看陳凌雪一副死不罷休的樣子,邵雨知道今天不胡編亂造一些事實是沒機會出去的,於是嘆了口氣,讓譚冰晴先出去,在外面等自己。
“好的,叔叔小心。”譚冰晴含情脈脈看著邵雨一眼轉身出門了。
轉身的剎那短短的裙角向上揚起,露出裡面絲襪頂端的蕾絲花邊,頓時看得流氓的眼睛瞪得老大。
這小妞不會因為老子幫她搞定了房子於是愛上了老子,準備以身相許吧?邵雨腦子裡又開始各種YY。
譚冰晴那凹凸有致的身子很快在他腦海裡就被扒了個精光,修長雪白的脖頸,渾圓的雙肩,傲人的雪膩雙峰,峰頂上兩粒嫣紅誘人至極,平坦的小腹,不堪盈盈一握的細腰,糾纏在一起的雙腿,兩腿間那一抹誘人的黑色……
老流氓毫無形象地口水滴了一下巴,完全沉浸在自己的幻想中。
陳凌雪狐疑地看著這對叔叔和侄女,眼中閃過複雜的神色。
光看譚冰晴的樣子,要不是自己知道他們的關係,大概還會以為是對戀人呢,不過要是這個男人是男朋友的話未免也太猥瑣了點,哪有看著自己侄女的屁股流口水的?陳凌雪這麼想。
等譚冰晴走出門,邵雨腦袋一晃瞬間變成正直精幹的形象,目光灼灼看向陳凌雪:“陳部長有什麼話就儘管問吧,既然你已經把我侄女的房子搞定了,我也就知無不言言無不盡了。
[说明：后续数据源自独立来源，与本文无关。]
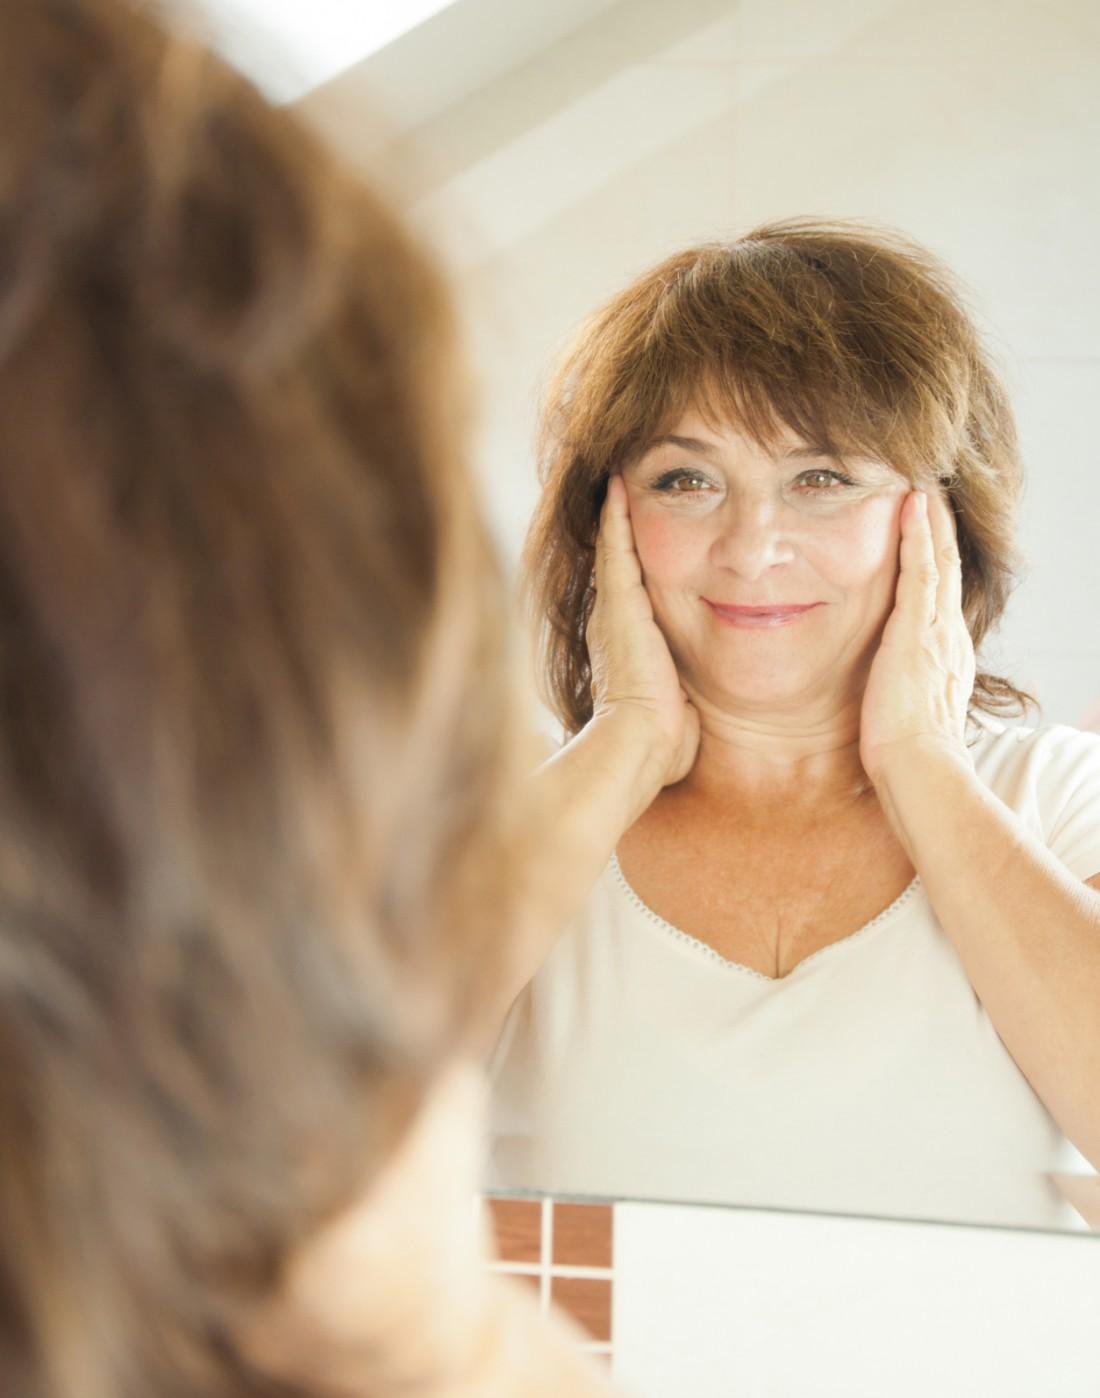 Главное в борьбе со старением – это регулярность выполнения уходовых процедур

”
“反正我也只是道聽途說一點訊息而已,自己再加工下,這也不算是糊弄你吧。”老流氓心裡打著小九九。
之前說這分房子裡面有貓膩邵雨也不是完全胡說的,不然他也不會理直氣壯拿出來詐唬陳凌雪。
今年年初自己還沒去非洲的時候段思協曾經打電話找過自己,問要不要一起來炒房。
邵雨當時很奇怪,說現在中海房產都被那幾個人壟斷了,你小子哪裡有房源炒。
當時段思協就神祕兮兮對自己說中海大學的員工宿舍有搞頭,正好邵雨也是在中海大學上學,於是就告訴他一下子的。
細問之下邵雨知道了個大概,原來是有個外地的地產商來中海發展,但是中海的土地都是被本地的幾家地頭蛇壟斷的,他一個外地人在這裡連續虧了好幾筆。
那段時間有人找到他,說是中海大學的員工宿舍可以賣給他。
當時他有些懷疑,大概連續的幾次吃虧讓他變得小心翼翼起來,打聽了不久後知道原來是有人在倒買倒賣職工宿舍。
中海大學的職工少,但是宿舍樓多,而且都是標準的兩居室,和商品房根本差不了多少,於是就有學校的一些內部人員搞暗箱操作,將那些沒有分出去的房子私下賣給地產商,從□□取暴利。
那個地產商不知道是買好還是不買好,他害怕這又是一個圈套,舉棋不定的時候去段思協的酒吧買醉,於是被段思協從他嘴裡套出了這些內容。
當時邵雨沒有放在心上,現在想想,學校專門負責這一塊的陳凌雪肯定是脫不了干係。
把那個地產商按上一個路人甲的身份,邵雨憑著自己的三寸不爛之舌將這段原本平靜無比的經歷講成了自己在黑道搏殺中從某某幫派內部探聽到的訊息,說得有鼻子有眼,其中他一人單挑對方十幾個拿刀的暴徒,然後身負重傷的那一段聽得陳凌雪面色刷白,急忙退到邵雨幾步遠的地方。
反正你陳凌雪是正經人,肯定不會和黑道扯上關係,邵雨也就不怕她去核實。
“這件事真的是你從黑道上聽到的訊息?”陳凌雪艱難地嚥了口口水,臉色依舊不大好看,看樣子這件事的影響已經超出了她的想象了。
只是可惜她不知道這一切都是邵雨這個有事沒事就喜歡無聊編故事的的人亂說的。
“自然是真的。”邵雨又把自己的衣服扯開,露出裡面貌似浴血的繃帶,“這就是那次大戰受的傷。”
有傷為證,這可信度自然就上升了幾分,陳凌雪面色凝重點點頭。
“對了陳部長,有件事我想你應該需要知道下。”邵雨神神祕祕把頭探過來。
說實話陳凌雪從心底有些害怕邵雨的,就像是普通市民都有些畏懼黑社會一樣,見邵雨湊過來,身子本能地往後縮了縮。
“怕什麼,我又沒有凶器。”邵雨講完立刻發現不對,男人怎麼能說自己沒有凶器,於是急忙改口,“我有凶器對你也沒興趣。”